Navigating the cloudy skies
Shalini Kumar 
Malaysia Airlines’ fleet is also going through a revamp, with Bellew seeking good deals from Boeing and Airbus
When Peter Bellew took over as head honcho of Malaysia Airlines Bhd (MAB) a year ago, he knew it would not be a walk in the park.

The new group MD/CEO had a set of issues waiting for him to tackle. The national airline was still grappling with the scars of the twin tragedies of MH370 and MH17 and a weak and fluctuating ringgit. The 52-year old Irishman also had to keep flight and inflight improvements within budget, while ensuring the airline’s turnaround was on track.

“It has been very tough but there are no regrets,” he tells FocusM. And things are starting to look up. There has been a recovery in terms of its loads on routes that were affected by the twin tragedies some three years ago.

“Year-on-year (yoy), we had quite a strong second quarter and we saw a significant increase in overall revenue. But we need to build on that further and we need to generate another 5-6% in overall gross revenue over the next 12 months on a like-for-like basis. That will get us back into sustainable profit.

“I believe this is achievable by furthering the improvement in the business-class segment. We want to get 5-6 % extra revenue – there’s a bit from code shares, business class bookings, travel agents’ distribution and brand recovery,” says Bellew.

Although he was under heavy and close scrutiny from stakeholders, MAB’s shareholder Khazanah Nasional Bhd has been an unwavering pillar of support. He sees the government investment arm as a “free consulting service” to whom he runs his decisions by. He concedes that Khazanah may not be used to his constant updating approach.

Bellew also says there has been support from Tourism Malaysia and the Ministry of Transport. “Tourism Malaysia helped us with some funding in terms of advertising. [The] Ministry of Transport was instrumental in levelling the playing pitch on charges between KLIA and klia2,” he adds.

Bellew had asked for a level playing field from the government by reducing the disparity in passenger service charges (PSC) at both terminals.

Last October, the Malaysian Aviation Commission (Mavcom) revised the PSC upwards in a move to equalise it for domestic and Asean destinations.

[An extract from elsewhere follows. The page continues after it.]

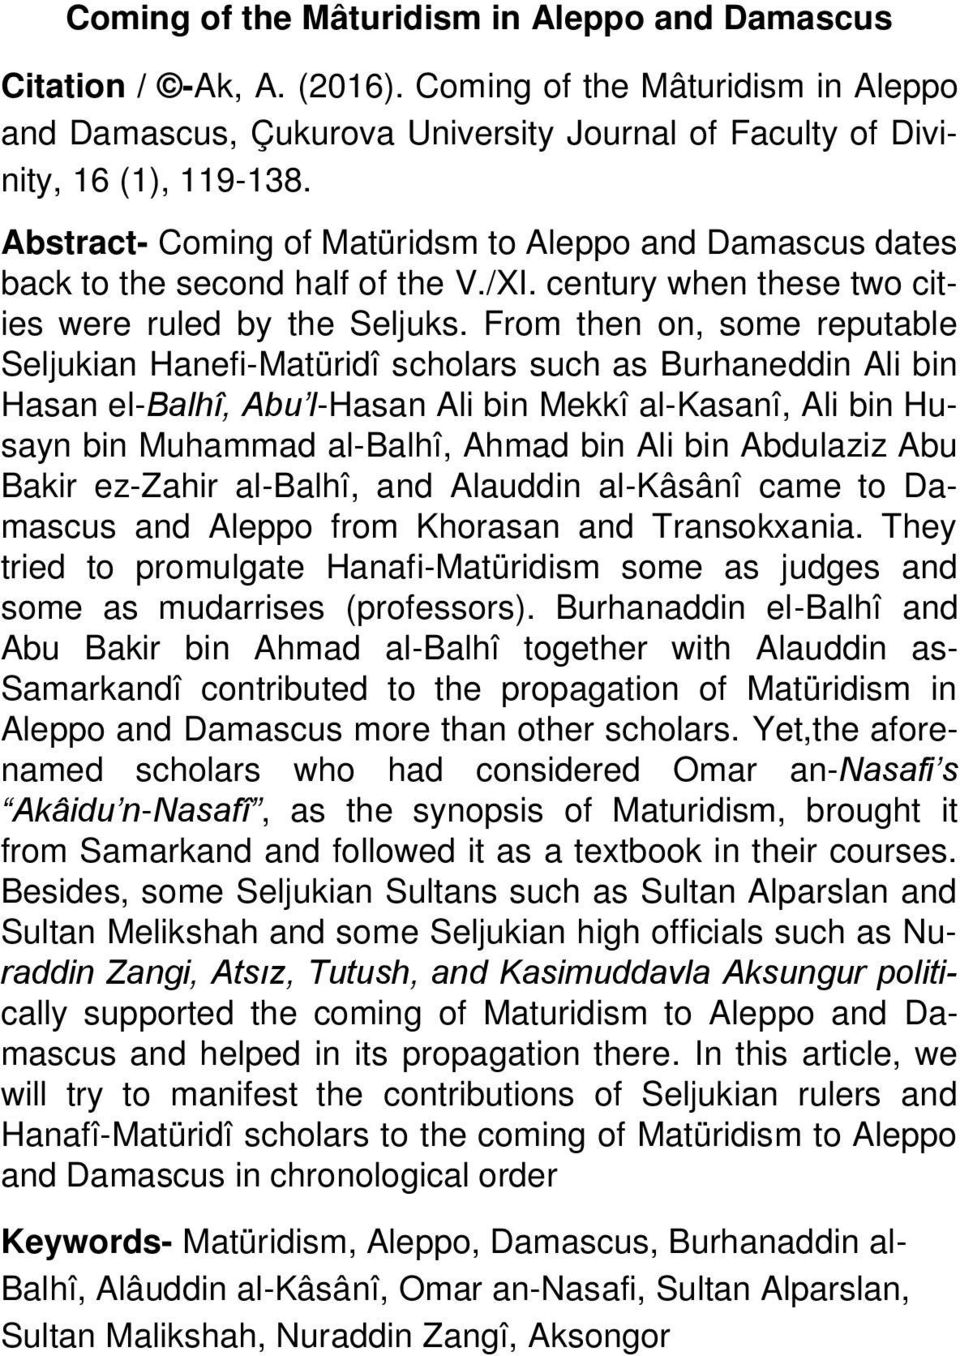 From then on, some reputable Seljukian Hanefi-Matüridî scholars such as Burhaneddin Ali bin Hasan el-balhî, Abu l-hasan Ali bin Mekkî al-kasanî, Ali bin Husayn bin Muhammad al-balhî, Ahmad bin Ali

The PSC equalisation also enables Malaysia to be better aligned to international guidelines, including the International Civil Aviation Organisation’s (ICAO) principle of non-discriminatory pricing at airports.

En route to profitability?

While the PSC equalisation is seen as a positive move for MAB, the RM6 bil question still remains. (Khazanah is pumping RM6 bil into Malaysia Airlines to turn it around). Can the company turn a profit according to plan and maintain it in a sustainable manner?

Bellew certainly believes so. Despite the airline being budgeted to make a loss again this year, he maintains there will be a profit in the second half of next year.

“Unfortunately, we will make a loss this year. The ringgit makes it quite difficult and also the competition, particularly in the domestic and Asean market where fares are somewhat depressed.

“The second half of the year has seen a little bit more rationality in terms of pricing of flights and competition,” he says. For the first quarter ended March 31, MAB did not disclose earnings or revenue figures, but reported a higher load factor of 79.4% from last year’s 68.9%, but lower than Q4FY16’s 80.9%.

In its statement, MAB also noted total passengers carried rose 12.9% yoy to 3.57 million in Q1FY17, with a 45% improvement in forward bookings for the next six months (June to November) compared with the same period last year.

“Financially, this year has been very tough. The change in the value of the ringgit against the US dollar is really difficult for us. That created additional costs for us of about RM400 mil. If we didn’t have that situation, life would be much easier, but we can’t control the election of the American president.

“We’re furiously trying to find cost savings in procurement, usage of fuel and efficiencies within operations at the moment. For the current calendar year, we have identified about RM300 mil worth of savings but it’s going to be very difficult to squeeze that much extra savings out of the system. But we are working very hard to do that,” says Bellew.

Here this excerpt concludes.